Русский рай
Через четверть часа Хвостов поднялся на мостик в добром подпитии с припудренным синяком под глазом, надул грудь и заревел:
– По местам стоять, приготовиться к смене галса!
Ухмылявшаяся команда разбежалась, хмурые американцы неспешно и неохотно заняли свои места. Баркентина сменила галс, и её больше прежнего стало раскачивать с борта на борт. Широко расставив ноги, Хвостов, наконец, похвалил Сысоя и Василия, стоявших на штурвале.
– А вы, мохнорылое мужичьё, оказывается, кое-что смыслите в навигации!
– Смыслим, – обрехался Сысой, – и кое в чем не хуже жополицых. Не первый контракт служим.
Хвостов удивленно ухмыльнулся нелестному сравнению, видимо, решил включить его в свой лексикон, и с прежним азартом стал расхаживать по мостику. По виду можно было понять, что драка даже улучшила его настроение.

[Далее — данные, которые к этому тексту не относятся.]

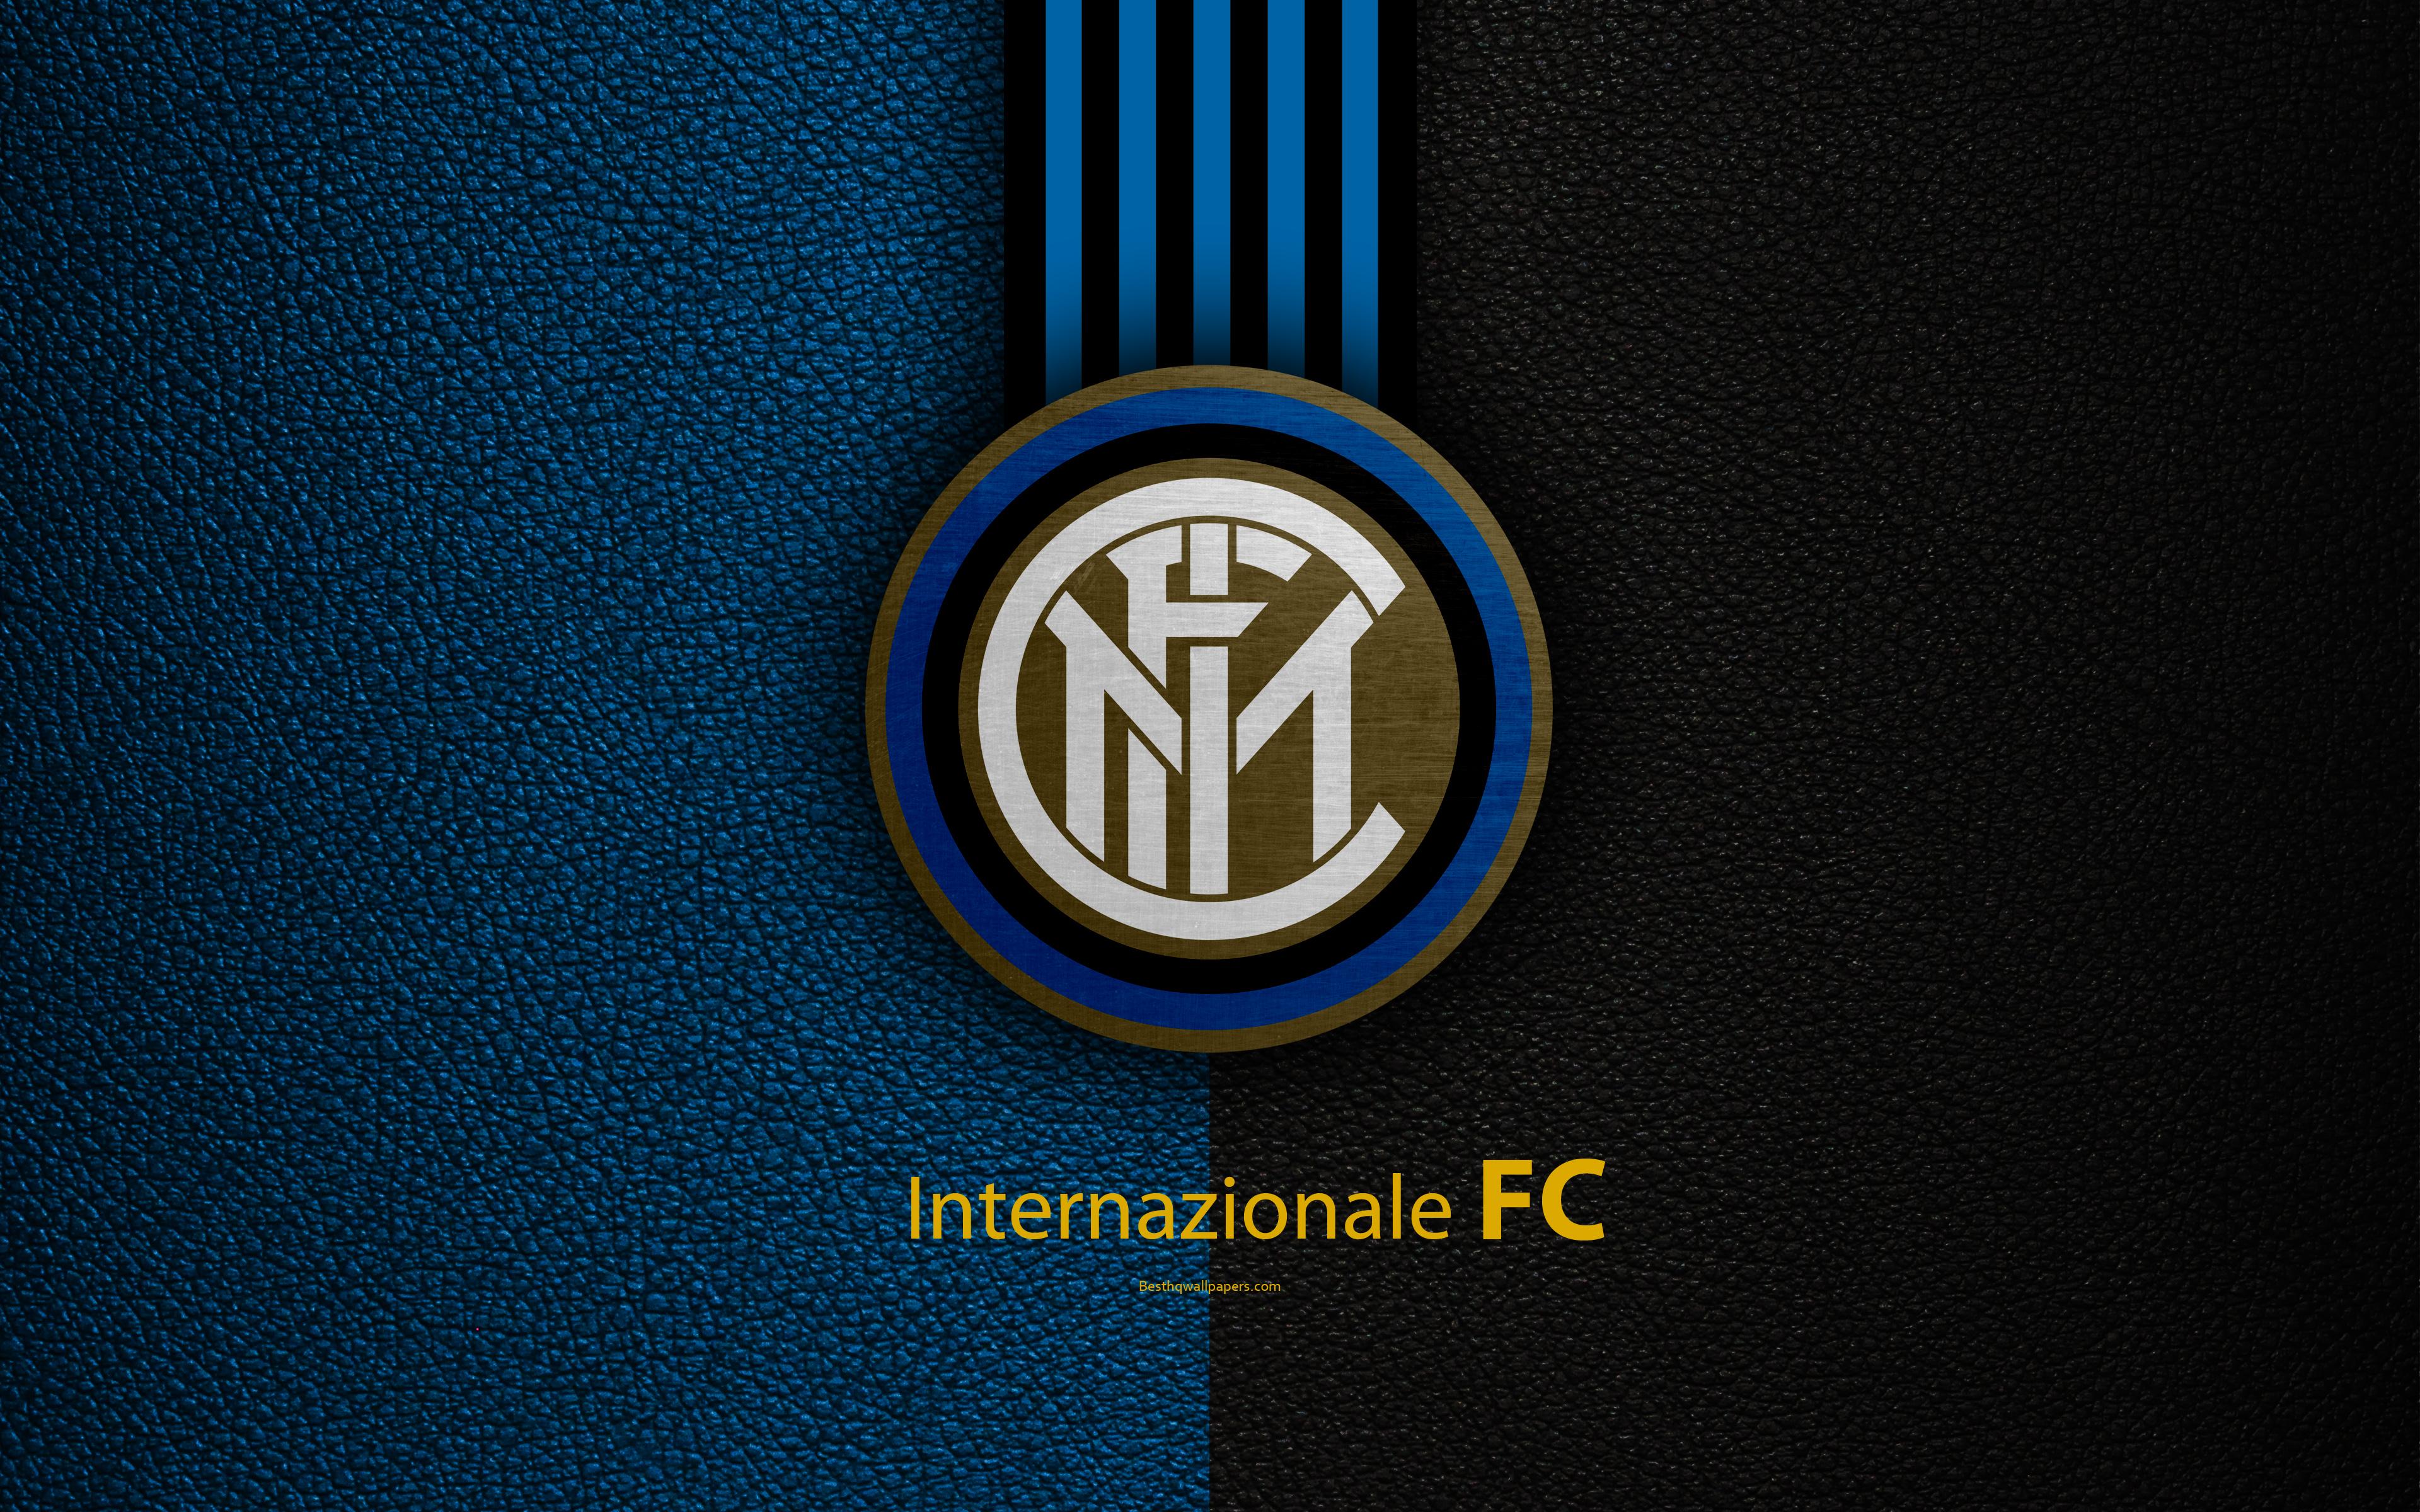 Download wallpaper Internazionale FC, 4k, Italian football club

Сысой с Василием стали добровольно нести вахту на штурвале. Американцы, сердито поглядывая на командира, не подходили к нему, но умело работали на парусах.
– Как думаешь, отмстит им на Ситхе? – спросил дружка Василий.
Сысой, подумав, мотнул головой:
– Это нас за побои офицера могут сослать на каторгу. Как началась монополия, так кончилась воля. А им он что сделает? За них всегда заступится правительство. Оно у них тоже сбродное, но своих не выдаёт и не бросает: ни белых, ни черных, ни желтых.
Они с Василием поочередно, а то и вместе стояли на штурвале, иногда помогали неумелым креолам и неуклюжим алеутам крепить паруса. Туман стал гуще козьего молока, с мостика не видно было бака. Баркентина медленно шла по курсу при зарифленных парусах. Заунывно звенел корабельный колокол, предупреждая о себе такие же слепые суда. На баке алеуты прислушивались к ответным звукам. Молодой креол выскочил из тумана, как бес из преисподней, махнул рукой на бак, испуганно крикнул, что слышен звук прибоя. Хвостов, стоявший ночную вахту, приказал спустить паруса и убежал на бак. Алеуты первыми услышали в ночи шум наката волны на берег и послали креола сообщить капитану. Хвостов долго и недоверчиво торчал там, прислушивался, вытягивая шею. Наконец и он услышал опасный шум, приказал измерить глубину под килем и бросить якорь.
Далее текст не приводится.